Guide

Late payments: how to reduce them and get paid faster

Beat late payments and boost your cash flow. Learn smart ways to invoice, follow up, and get paid faster.

A small business owner sending an invoice

Written by Jotika Teli—Certified Public Accountant with 24 years of experience. Read Jotika's full bio

Published Wednesday 1 April 2026

Table of contents

Key takeaways

  • Establish clear payment terms upfront by including specific due dates, accepted payment methods, and late payment fees in your contracts and on every invoice to prevent confusion and disputes.
  • Send invoices immediately after completing work and set up automated payment reminders through accounting software to maintain consistent cash flow and reduce manual follow-up work.
  • Follow up on overdue invoices promptly and systematically, starting with polite email reminders and escalating to phone calls or formal demand letters if payments remain outstanding beyond 30 days.
  • Consider requiring upfront deposits of 50% or more for new projects to protect against late payments and improve your cash flow, especially when working with clients who have a history of payment delays.

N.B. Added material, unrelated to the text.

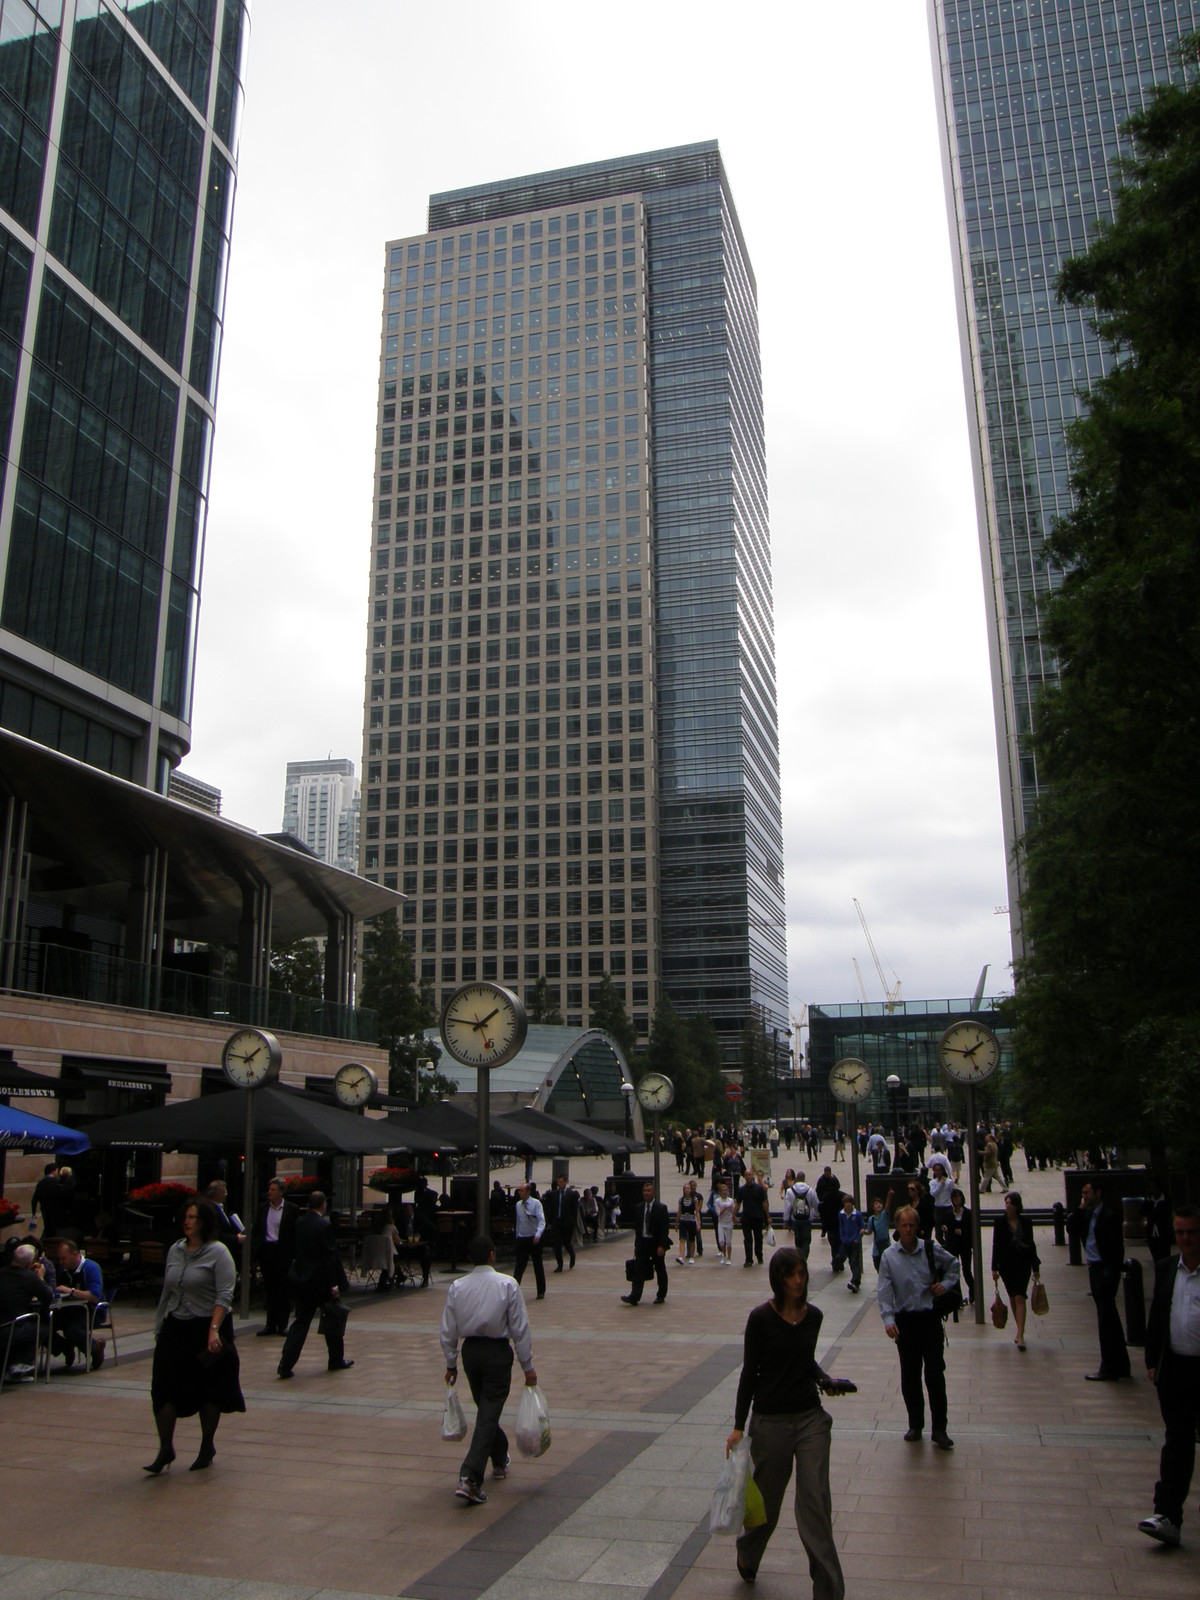 The square outside Canary Wharf station, as seen from the north

Understanding late payments

Late payments occur when clients pay invoices after the agreed due date. These delayed payments stall your cash flow. A 2025 survey found that 82% of companies report moderate to critical cash flow disruption. This makes it harder to cover operating expenses and plan for the future.

Why it's important to minimise late payments

Late payments disrupt your ability to run your business. When clients don't pay on time, the effects ripple across your operations. A recent survey found 47% of businesses have invoices that are overdue by more than 30 days.

Here's how late payments can hurt your business:

  • Cash shortfalls: You may not have funds to cover payroll, rent, or supplier invoices, as research shows that over a quarter of businesses with late-paying clients often missed their own payment deadlines.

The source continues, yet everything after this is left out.